Student thesis: Doctoral Thesis


Powered wheelchair technology has the potential to promote independence, maintain dignity, improve wellbeing, and remove barriers from everyday life (Samuelsson & Wressle, 2014). However, powered wheelchair design, distribution, provision, and prescription exists within a vast and complex network of stakeholders that interact across settings and social contexts. Using psychological theory and methods, this thesis aimed to understand the process of powered wheelchair technology engagement and acceptance across these wider stakeholder groups. This project has three components; a systematic review of factors that affect powered wheelchair use, an autoethnography of a non-disabled researcher using a powered wheelchair, and a constructivist grounded theory of stakeholder experiences of LiNX controls technology acceptance and engagement.

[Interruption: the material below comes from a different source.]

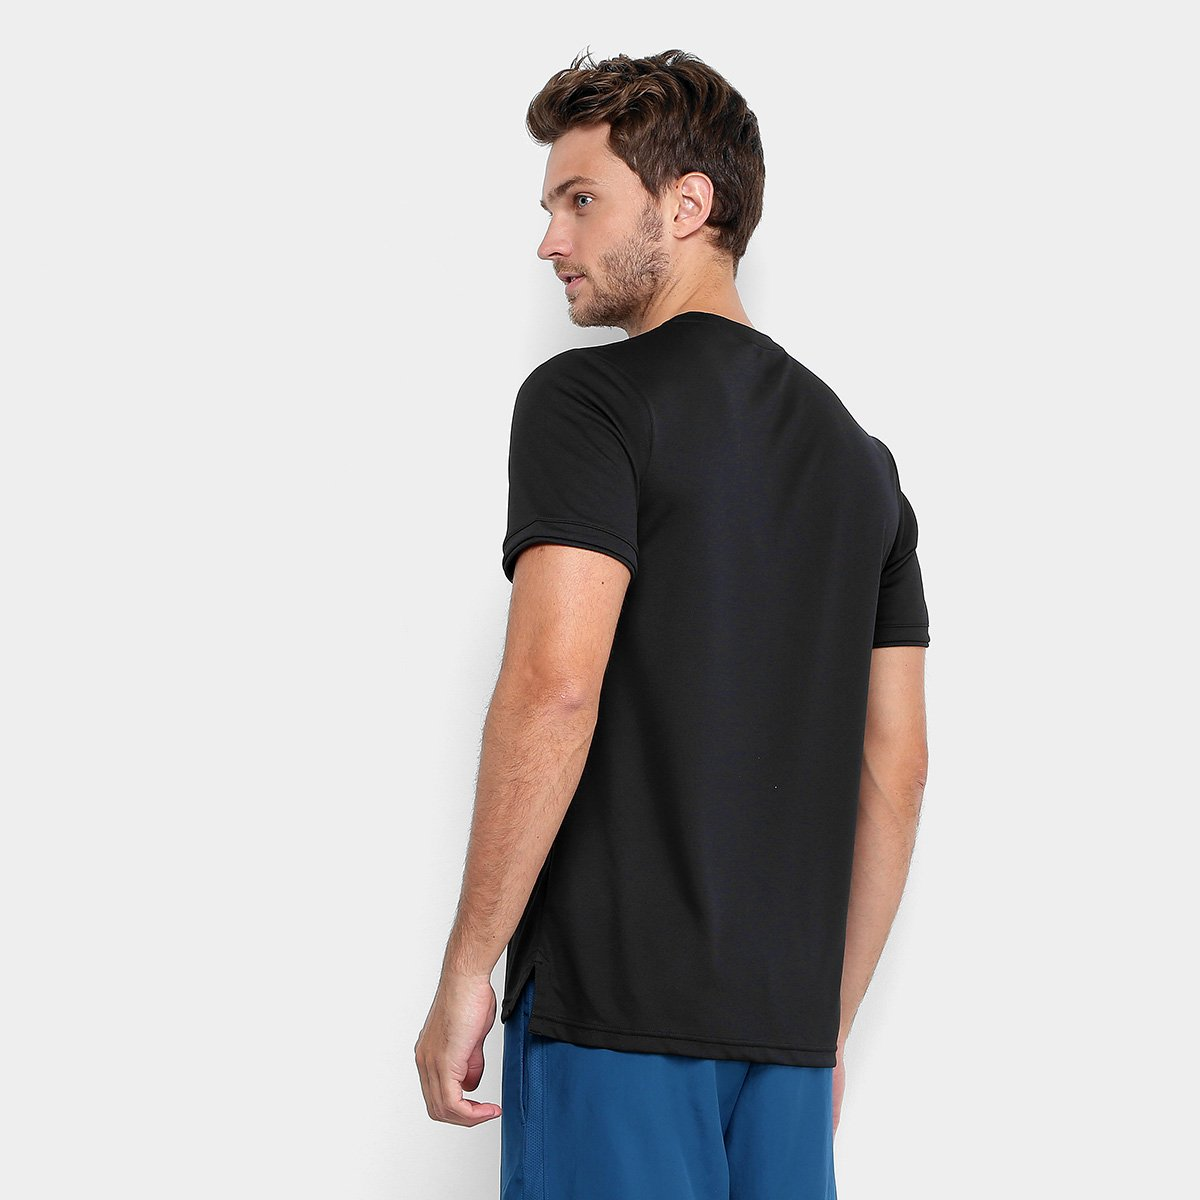 Camiseta Nike Top Team Masculina - Compre Agora  480cd1090aa5a

The unique combination of methods used in this KESS II sponsored project proposes a narrative of powered wheelchair technology engagement grounded in the context, environment, and culture of the technology user. The factors affecting powered wheelchair technology use at an individual, technical and functional, environmental, and organisational level. If incorporated into the design, prescription, and use of powered wheelchair technology the findings from this thesis could be applied to indicate where change and intervention should be focused.
Date of Award2023
Original languageEnglish
SupervisorRachel Taylor (Supervisor) & Daniel Bowers (Supervisor)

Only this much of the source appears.